Steffen Schmidt/European Pressphoto Agency
4:40 p.m. | Updated
LONDON — Credit Suisse said on Thursday that it had swung to a profit in the fourth quarter of last year from a loss in the period a year earlier, and announced that it would cut more costs than previously planned.
The bank, Switzerland’s second-biggest after UBS, said net income for the final three months of 2012 was 397 million Swiss francs ($436 million); it posted a loss of 637 million francs ($700 million) in the fourth quarter of 2011.
Credit Suisse, based in Zurich, said it would increase its cost-cutting target by $440 million, to $4.83 billion, by the end of 2015.
“Going into 2013, revenues have so far been consistent with the good starts we have seen to prior years,” the chief executive, Brady W. Dougan, said in a statement, adding that profitability was “further benefiting from the strategic measures.”
On Tuesday, UBS reported a loss of $2.1 billion for the fourth quarter because of costs to settle legal matters, including its role in a global rate manipulation scandal. Both Swiss banks have reacted recently to stricter capital rules introduced by Swiss regulators by revamping their investment banking operations.
While UBS’s shares jumped after it said in October that it would eliminate 10,000 jobs, Credit Suisse investors were far less impressed with changes that the bank announced in November.
Those changes, announced by Mr. Dougan, included appointing a new co-head of investment banking and merging the bank’s asset management division into its wealth management and private banking unit.
The new structure is meant to help Mr. Dougan fulfill his pledge to save billions of francs by 2015, and to make the lines between wealth management and investment banking clearer.
Credit Suisse said on Thursday that 21 percent of its net revenue was from the collaboration among its different divisions.
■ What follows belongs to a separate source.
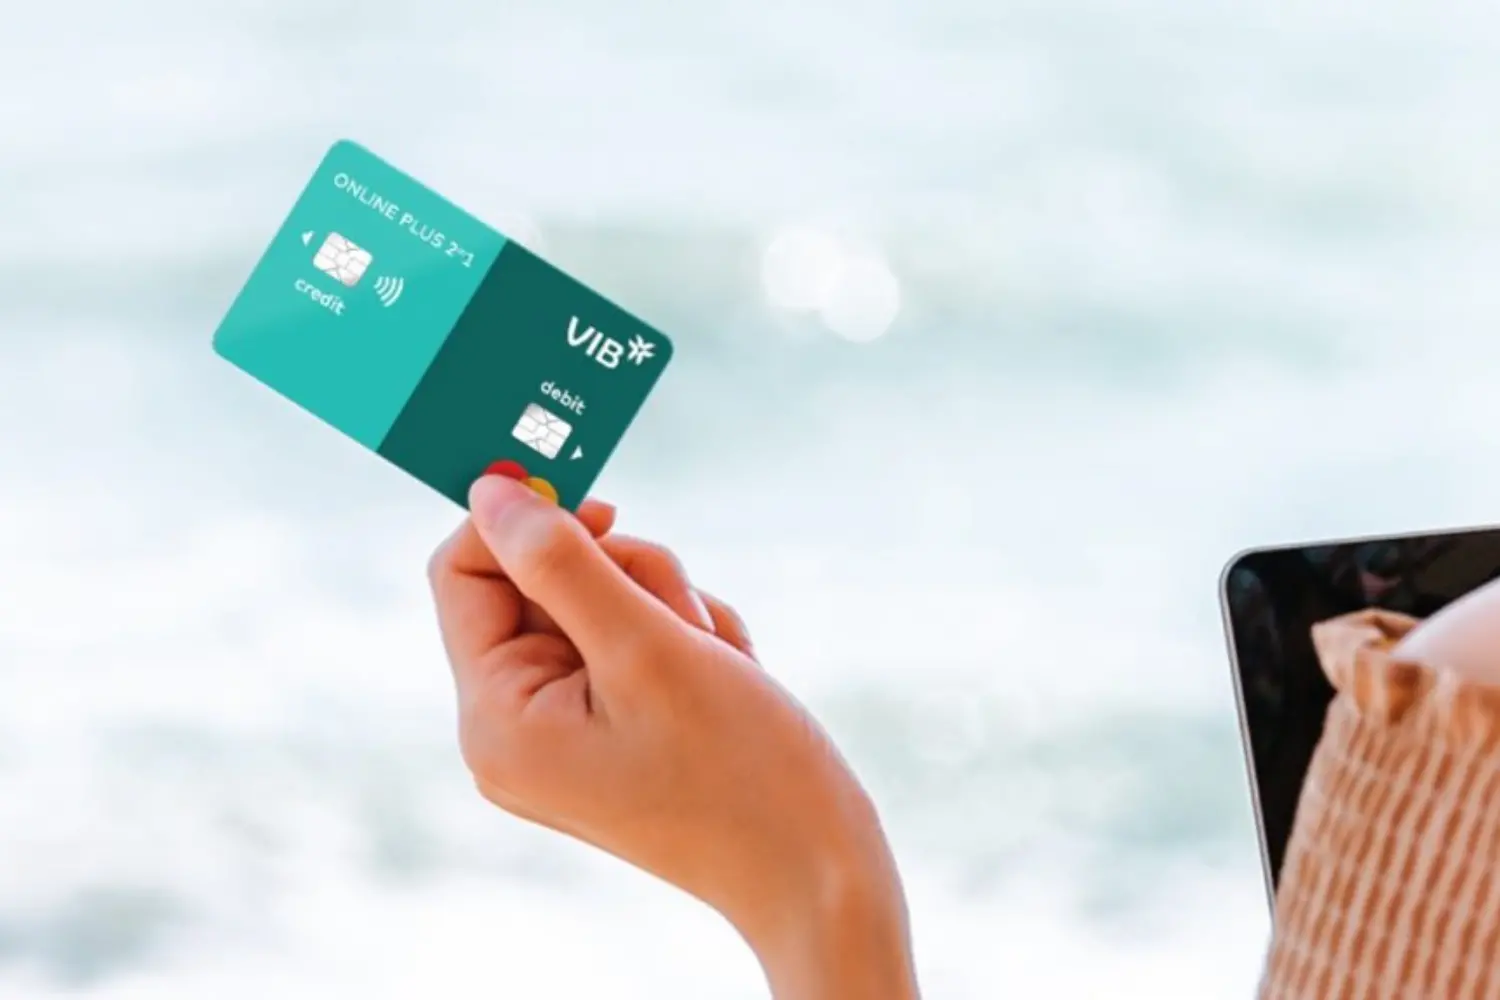  Thẻ ghi nợ nội địa giúp người dùng tiết kiệm chi phí hiệu quả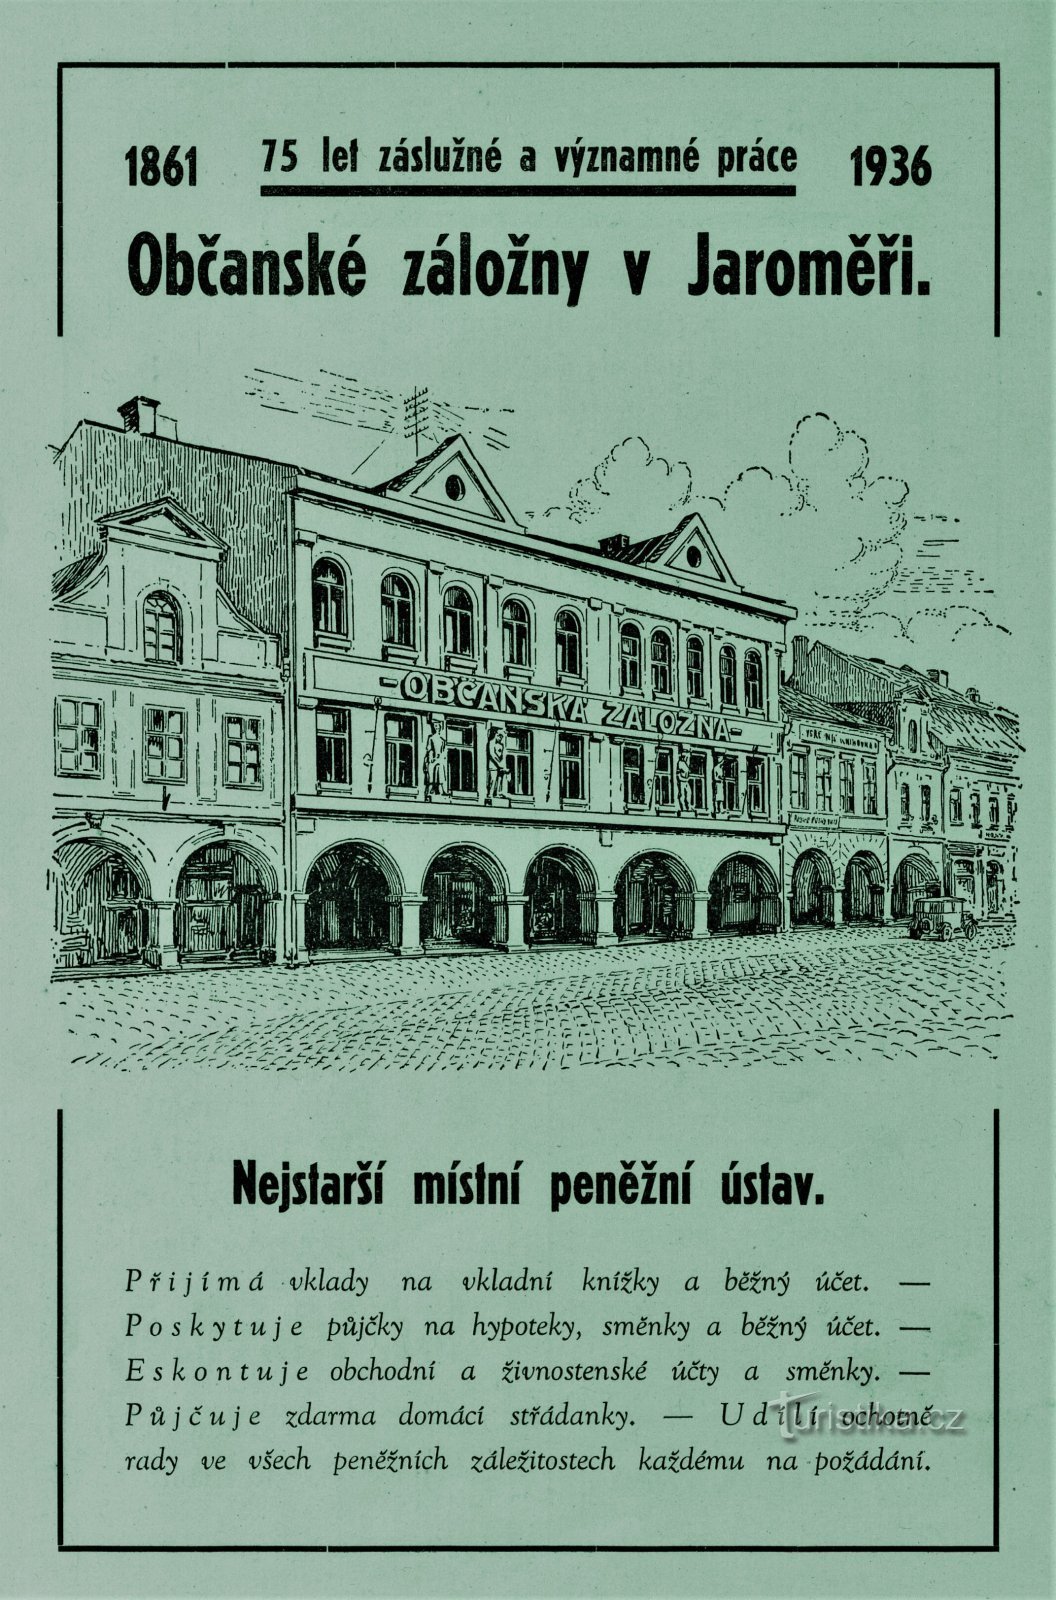 Quảng cáo đương đại của Ngân hàng Tiết kiệm Dân sự ở Jaroměř từ năm 1936

The bank also reduced its total compensation by 5 percent in 2012 from a year earlier.
Private banking and wealth management had a pretax profit of $1 billion in the quarter, up from $585 million in the period in 2011.
Investment banking had a pretax profit of $327 million, a turnaround from a loss of $1.54 billion in the fourth quarter of 2011, as it made more money from debt sales and trading.
Credit Suisse said it proposed to pay a dividend of 10 centimes in cash and 65 centimes in shares for 2012.